Records from a data collection:
-----
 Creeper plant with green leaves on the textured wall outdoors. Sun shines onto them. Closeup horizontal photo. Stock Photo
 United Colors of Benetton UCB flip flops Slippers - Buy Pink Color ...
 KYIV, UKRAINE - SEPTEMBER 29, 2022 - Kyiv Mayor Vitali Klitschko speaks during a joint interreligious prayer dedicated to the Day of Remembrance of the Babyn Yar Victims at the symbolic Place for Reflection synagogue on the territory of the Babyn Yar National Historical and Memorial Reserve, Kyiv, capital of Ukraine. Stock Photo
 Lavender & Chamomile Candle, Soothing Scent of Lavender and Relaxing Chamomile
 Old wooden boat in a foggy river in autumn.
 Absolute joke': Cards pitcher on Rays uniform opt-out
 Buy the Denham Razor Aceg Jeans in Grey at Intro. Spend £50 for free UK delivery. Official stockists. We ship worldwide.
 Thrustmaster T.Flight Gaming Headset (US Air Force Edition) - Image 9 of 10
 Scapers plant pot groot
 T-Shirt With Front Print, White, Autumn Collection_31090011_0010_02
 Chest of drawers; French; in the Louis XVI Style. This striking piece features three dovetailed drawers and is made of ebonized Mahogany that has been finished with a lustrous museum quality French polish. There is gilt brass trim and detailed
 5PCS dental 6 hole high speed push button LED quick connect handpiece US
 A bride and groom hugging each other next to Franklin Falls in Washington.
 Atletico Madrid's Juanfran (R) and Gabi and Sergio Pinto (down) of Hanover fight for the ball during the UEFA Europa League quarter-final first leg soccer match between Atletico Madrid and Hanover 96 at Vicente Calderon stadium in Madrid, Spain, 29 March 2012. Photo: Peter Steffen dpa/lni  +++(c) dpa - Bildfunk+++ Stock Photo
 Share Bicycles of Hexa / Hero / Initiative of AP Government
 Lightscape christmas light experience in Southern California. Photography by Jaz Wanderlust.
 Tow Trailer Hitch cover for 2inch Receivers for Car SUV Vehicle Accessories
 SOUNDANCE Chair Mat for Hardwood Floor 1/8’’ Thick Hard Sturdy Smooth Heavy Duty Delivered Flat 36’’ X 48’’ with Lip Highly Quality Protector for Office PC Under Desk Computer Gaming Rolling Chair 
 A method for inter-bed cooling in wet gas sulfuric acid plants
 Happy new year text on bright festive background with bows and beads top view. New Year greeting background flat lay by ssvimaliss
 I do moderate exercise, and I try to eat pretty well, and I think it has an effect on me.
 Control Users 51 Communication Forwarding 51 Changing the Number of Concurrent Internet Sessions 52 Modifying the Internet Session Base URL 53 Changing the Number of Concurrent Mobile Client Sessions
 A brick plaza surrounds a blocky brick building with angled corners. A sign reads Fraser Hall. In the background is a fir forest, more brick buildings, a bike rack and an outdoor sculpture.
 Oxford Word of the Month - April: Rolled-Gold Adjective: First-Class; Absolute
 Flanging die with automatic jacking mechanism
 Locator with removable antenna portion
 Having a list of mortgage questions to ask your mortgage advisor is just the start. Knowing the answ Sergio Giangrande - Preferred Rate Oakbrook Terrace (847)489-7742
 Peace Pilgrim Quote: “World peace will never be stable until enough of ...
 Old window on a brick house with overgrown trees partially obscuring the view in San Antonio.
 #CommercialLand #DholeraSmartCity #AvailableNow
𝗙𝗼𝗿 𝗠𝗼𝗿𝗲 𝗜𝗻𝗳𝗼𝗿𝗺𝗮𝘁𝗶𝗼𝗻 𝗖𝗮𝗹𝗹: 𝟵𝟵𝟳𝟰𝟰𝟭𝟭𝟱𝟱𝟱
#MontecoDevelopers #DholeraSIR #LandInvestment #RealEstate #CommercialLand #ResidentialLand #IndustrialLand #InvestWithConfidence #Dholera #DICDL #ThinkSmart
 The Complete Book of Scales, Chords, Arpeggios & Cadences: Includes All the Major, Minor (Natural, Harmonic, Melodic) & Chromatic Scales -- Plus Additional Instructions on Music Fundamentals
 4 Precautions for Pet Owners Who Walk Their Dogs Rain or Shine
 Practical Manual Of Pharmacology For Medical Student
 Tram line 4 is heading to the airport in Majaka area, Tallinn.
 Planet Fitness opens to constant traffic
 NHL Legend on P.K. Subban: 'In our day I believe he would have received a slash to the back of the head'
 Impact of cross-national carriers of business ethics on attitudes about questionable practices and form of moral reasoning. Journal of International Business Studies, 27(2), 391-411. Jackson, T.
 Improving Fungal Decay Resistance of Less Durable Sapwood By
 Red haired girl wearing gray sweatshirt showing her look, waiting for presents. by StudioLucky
-----
## WHAT TO PRODUCE
Lines of the data above that include the string "during" must each be copied.

## ANSWER BOX
 KYIV, UKRAINE - SEPTEMBER 29, 2022 - Kyiv Mayor Vitali Klitschko speaks during a joint interreligious prayer dedicated to the Day of Remembrance of the Babyn Yar Victims at the symbolic Place for Reflection synagogue on the territory of the Babyn Yar National Historical and Memorial Reserve, Kyiv, capital of Ukraine. Stock Photo
 Atletico Madrid's Juanfran (R) and Gabi and Sergio Pinto (down) of Hanover fight for the ball during the UEFA Europa League quarter-final first leg soccer match between Atletico Madrid and Hanover 96 at Vicente Calderon stadium in Madrid, Spain, 29 March 2012. Photo: Peter Steffen dpa/lni  +++(c) dpa - Bildfunk+++ Stock Photo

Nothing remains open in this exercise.